(MATERIAL PROVIDED):
#####
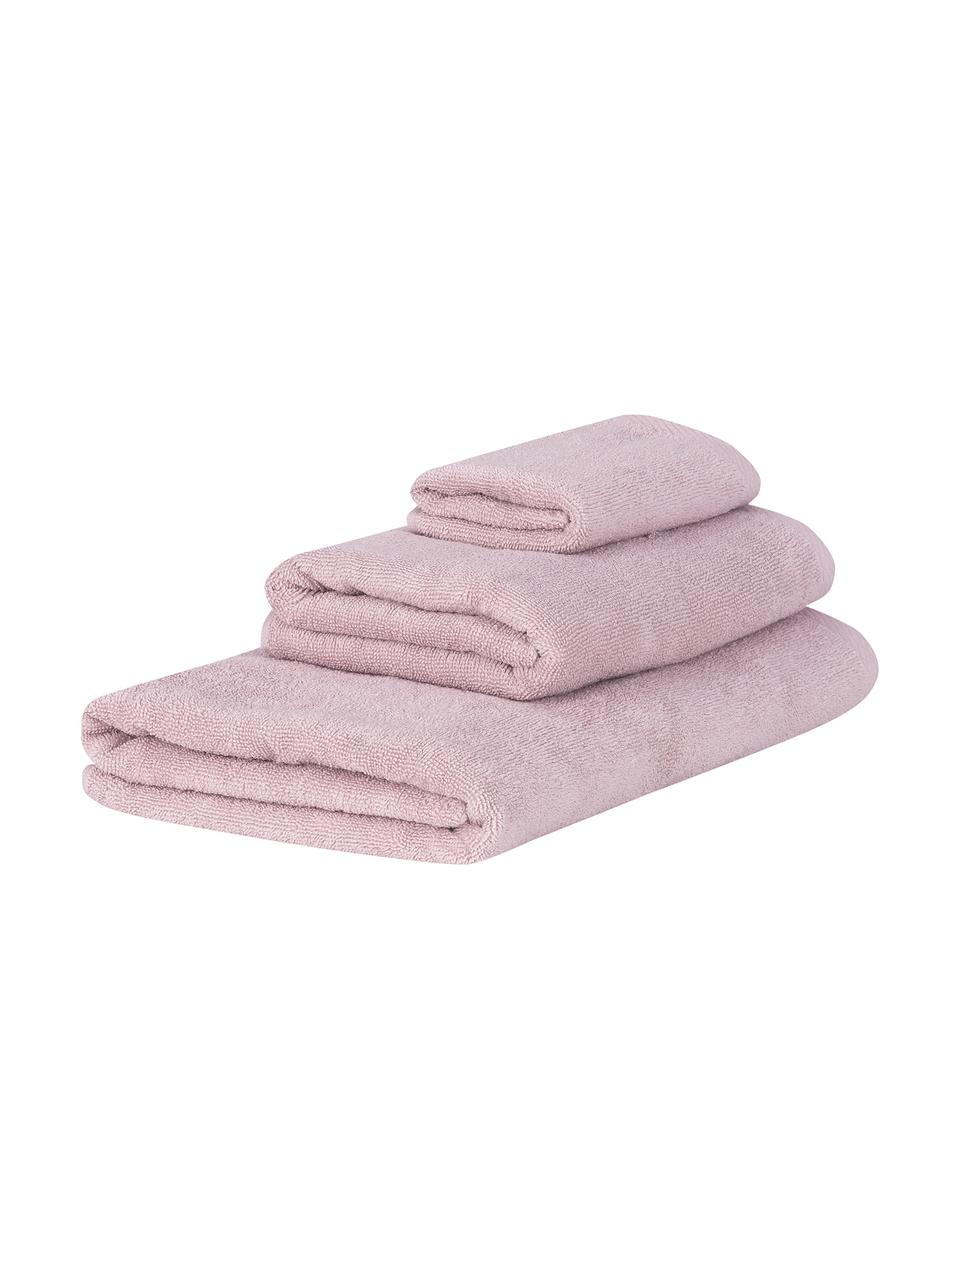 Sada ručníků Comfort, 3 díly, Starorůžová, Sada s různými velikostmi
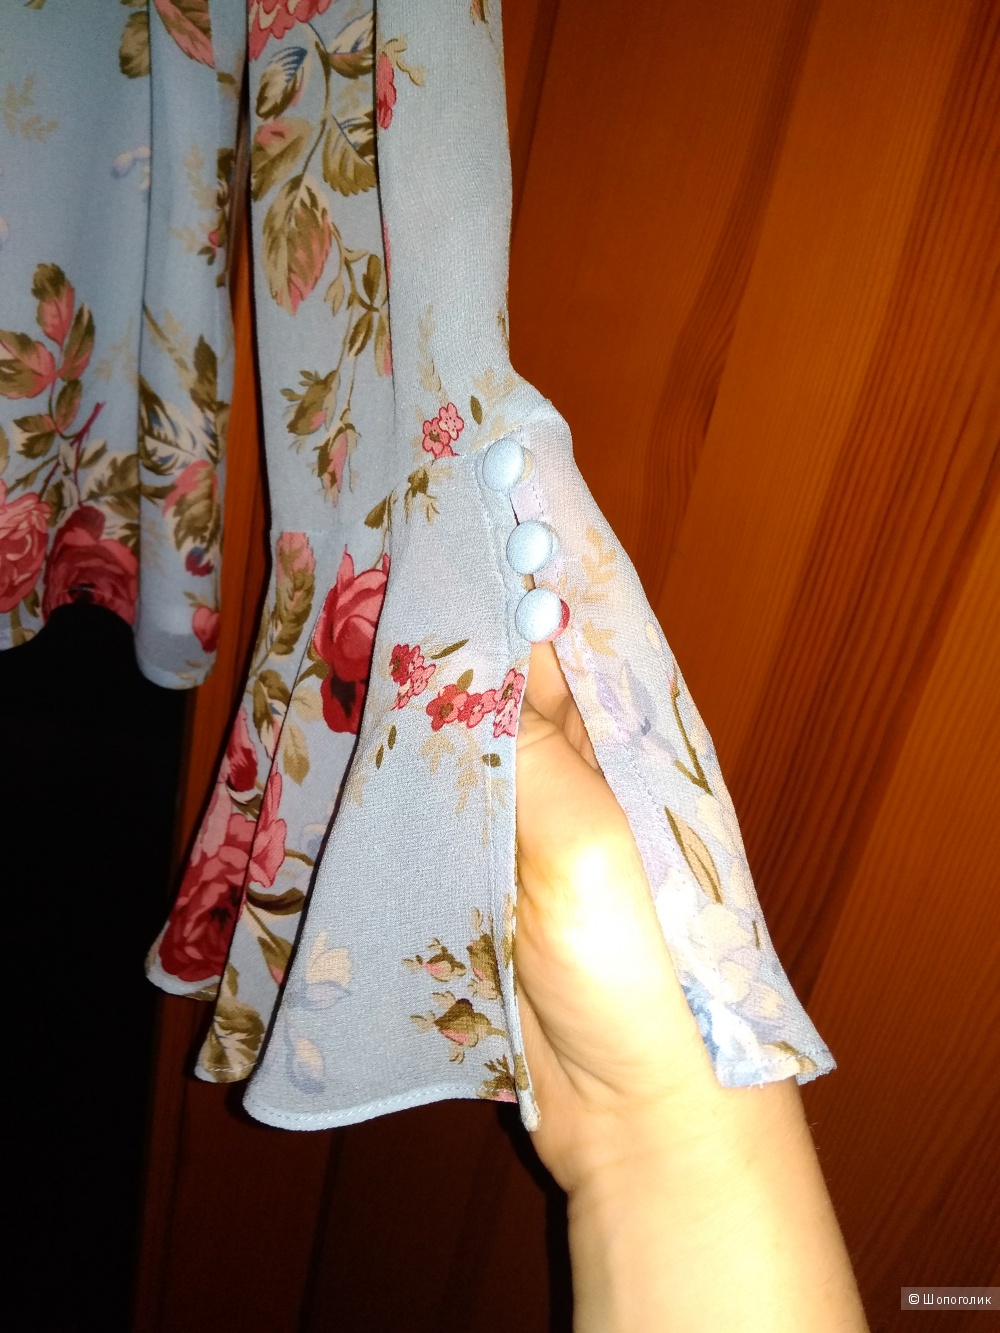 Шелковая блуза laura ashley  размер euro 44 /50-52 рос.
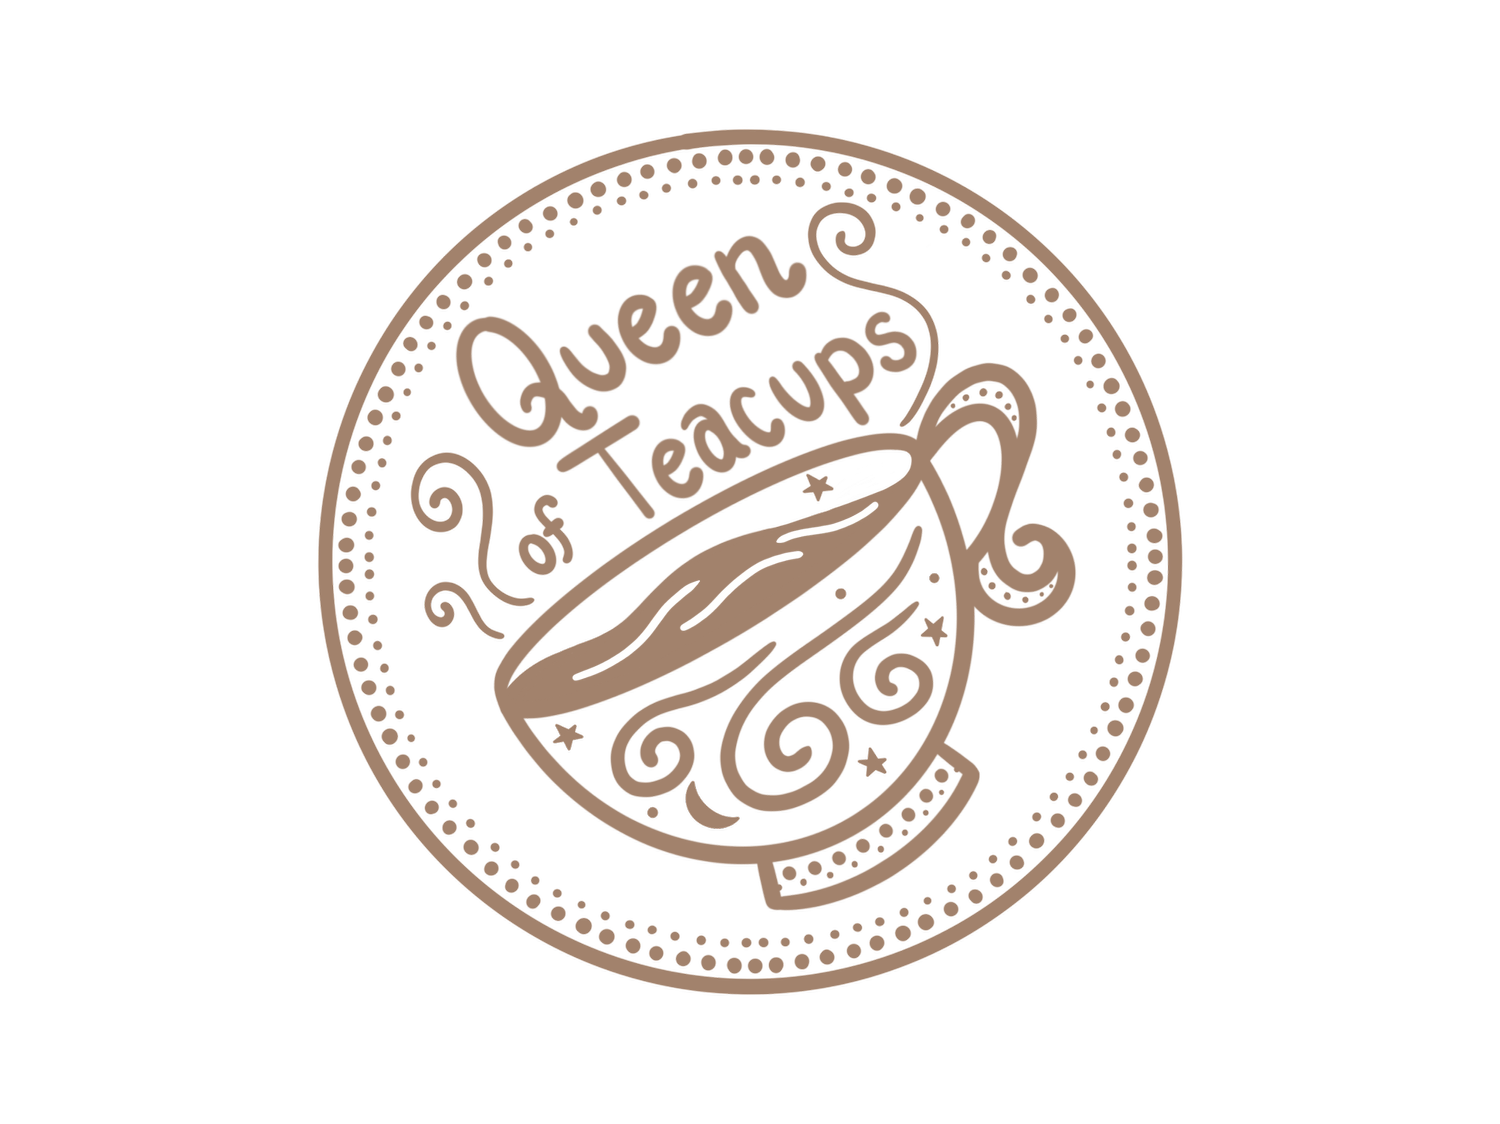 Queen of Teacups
#####
Please restate exactly the lines from the one containing "Шелковая блуза laura" down to the end of the material, both ends kept, and do not include the pictures.

(ANSWER TO THIS EXERCISE):
 Шелковая блуза laura ashley  размер euro 44 /50-52 рос.
 Queen of Teacups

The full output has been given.